## AIM OF THE TASK
Reproduce the listing below exactly, minus its pictures.

## DATA
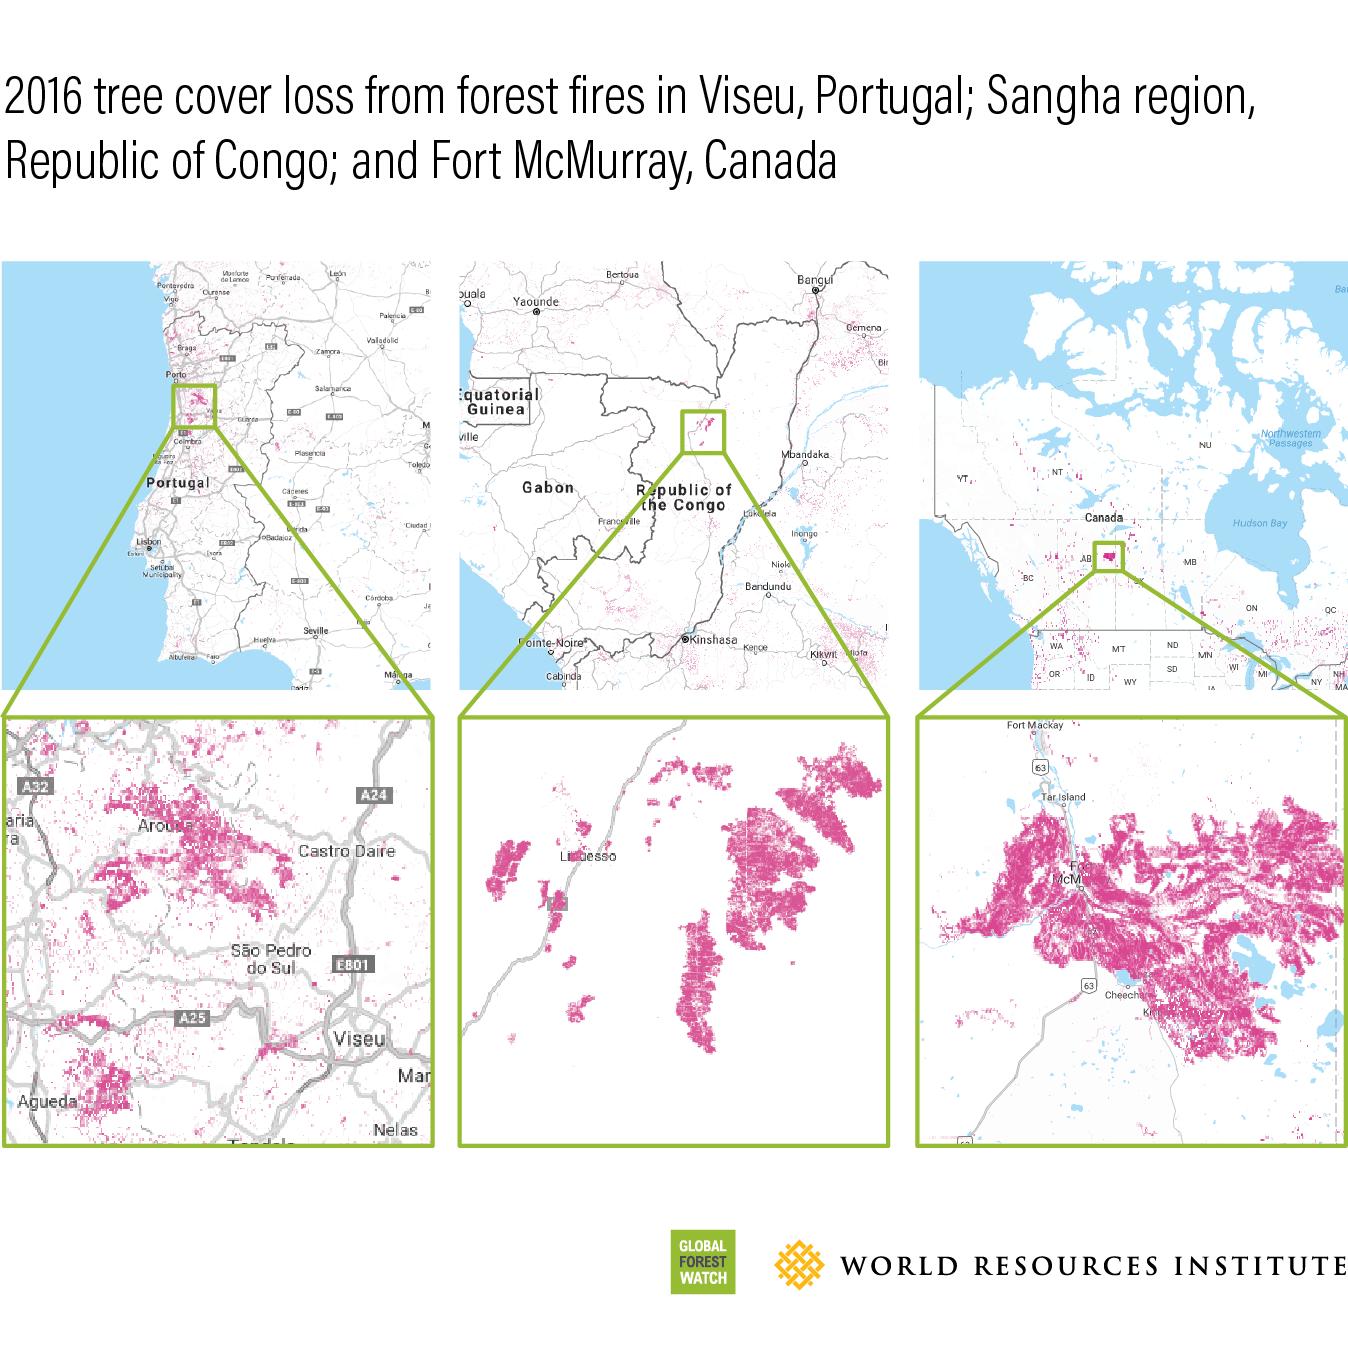 <p>La pérdida de cobertura arbórea en 2016 debida a los incendios forestales en Viceu, Portugal; la región de Sangha en la República del Congo y Fort McMurray, Canadá.</p>
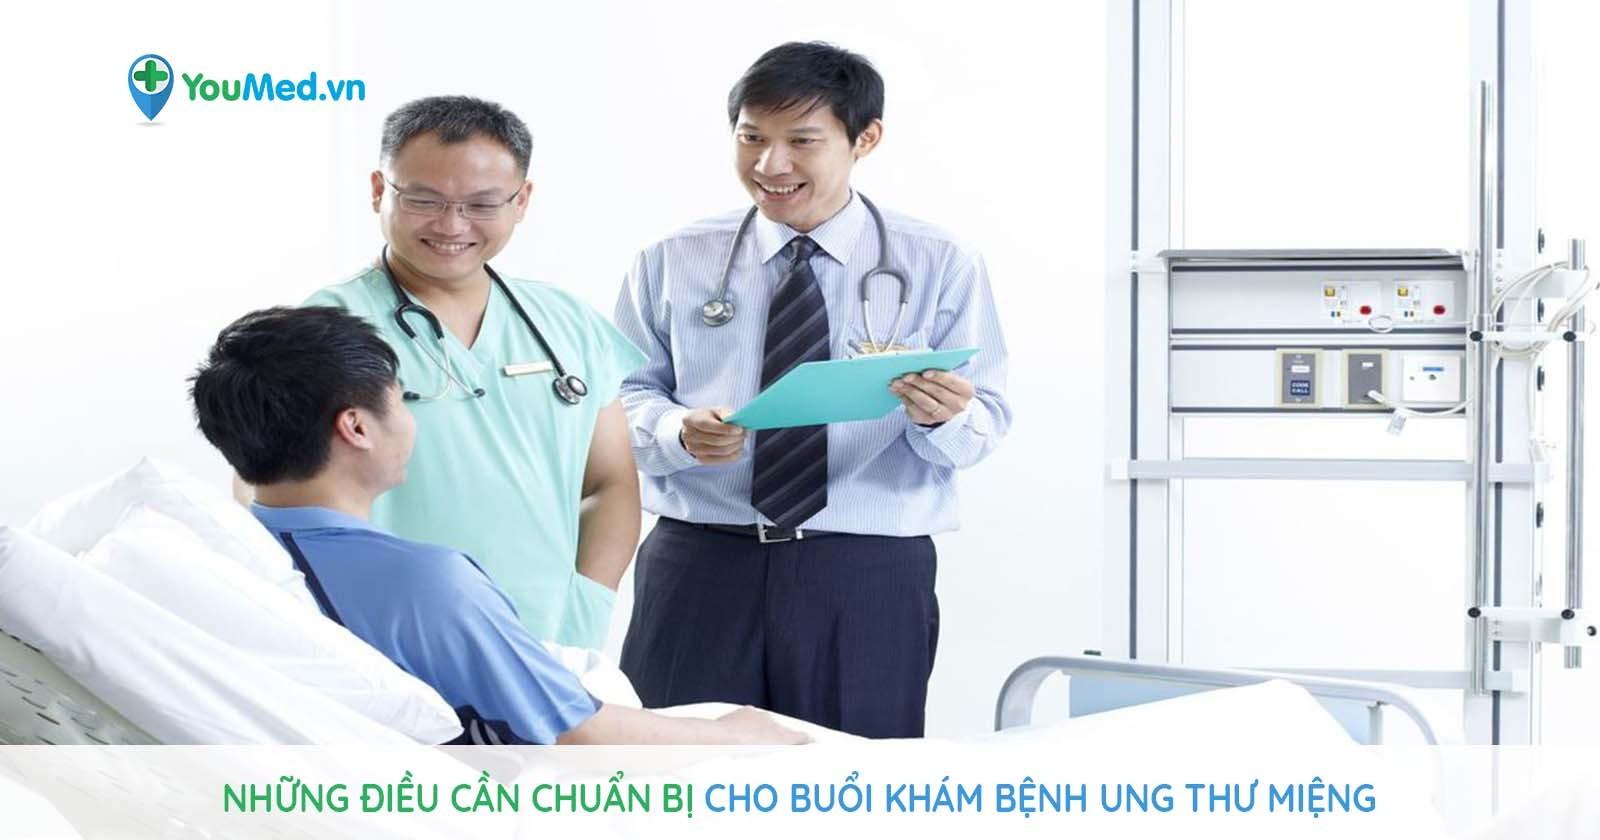 Những điều cần chuẩn bị cho buổi khám bệnh Ung thư miệng
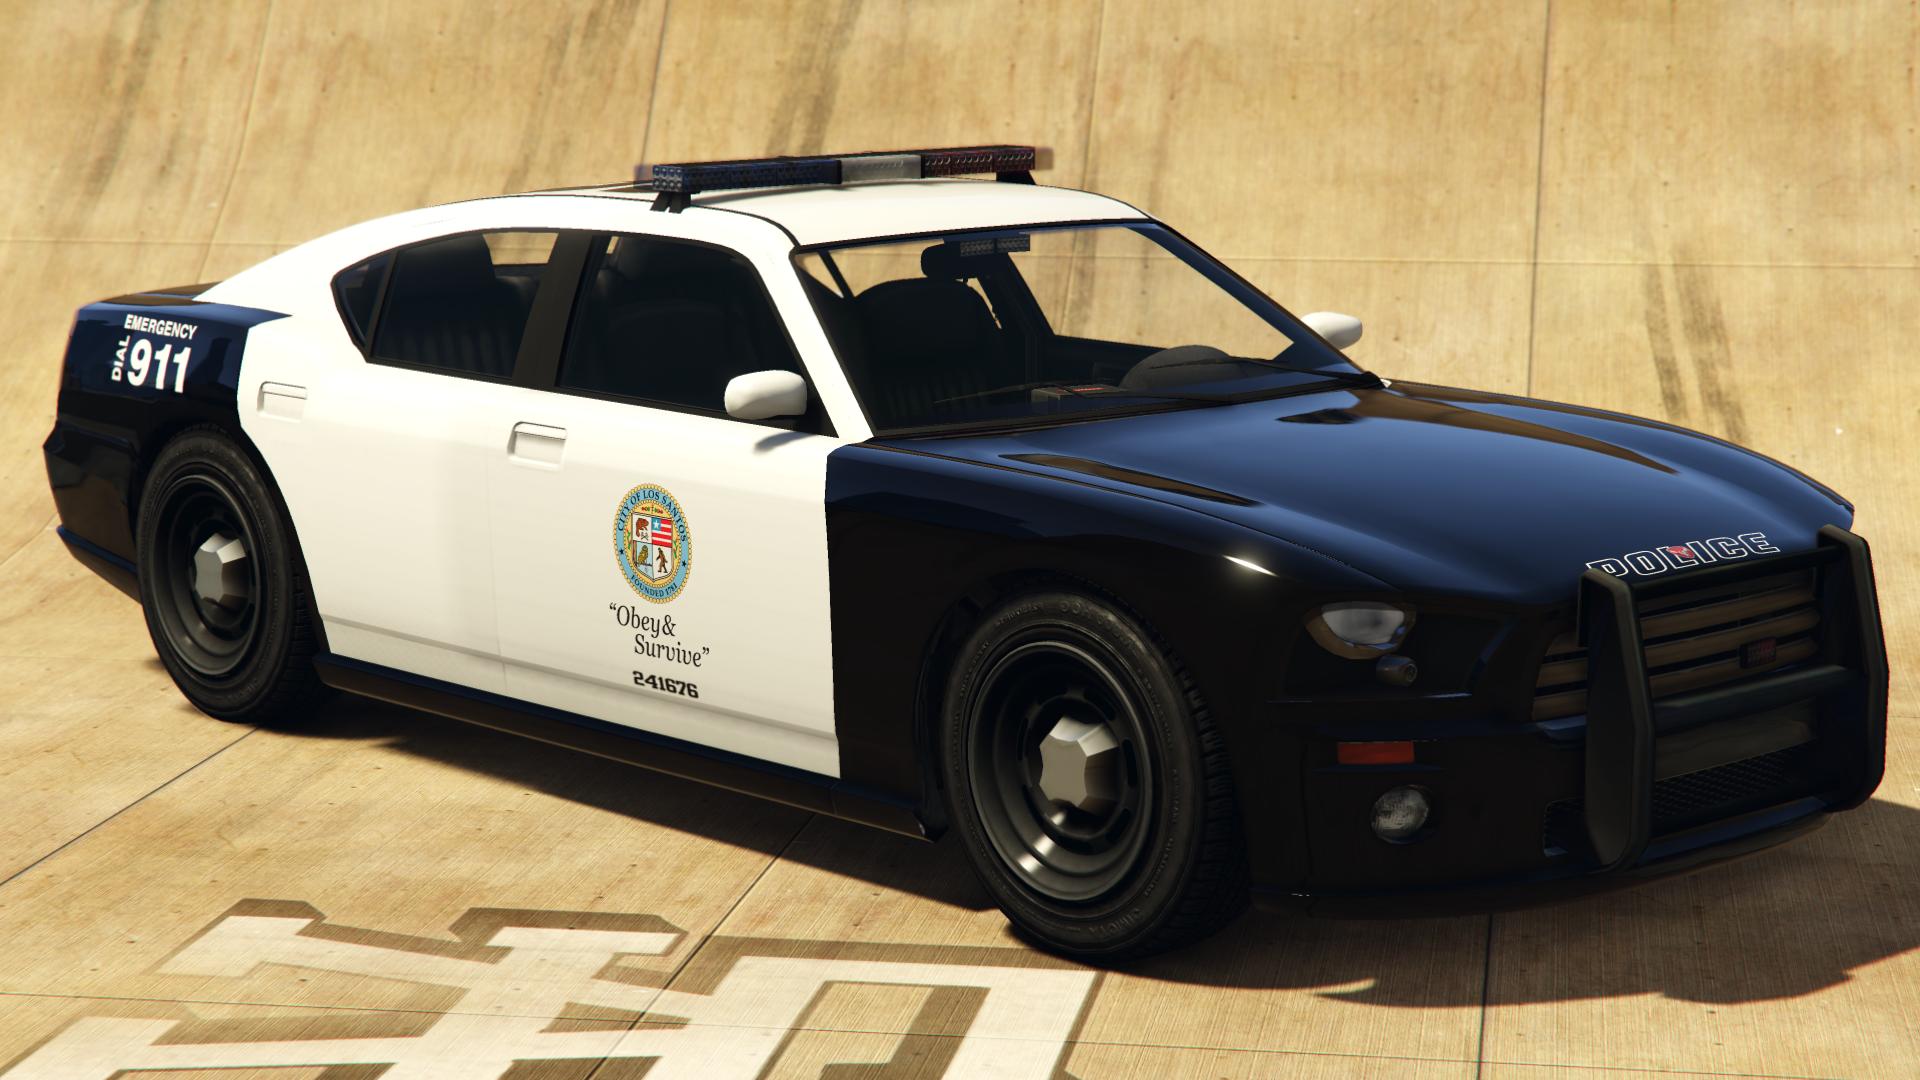 Police Cruiser   GTA Wiki   FANDOM powered by Wikia

## THE COMPLETED TASK
 <p>La pérdida de cobertura arbórea en 2016 debida a los incendios forestales en Viceu, Portugal; la región de Sangha en la República del Congo y Fort McMurray, Canadá.</p>
 Những điều cần chuẩn bị cho buổi khám bệnh Ung thư miệng
 Police Cruiser   GTA Wiki   FANDOM powered by Wikia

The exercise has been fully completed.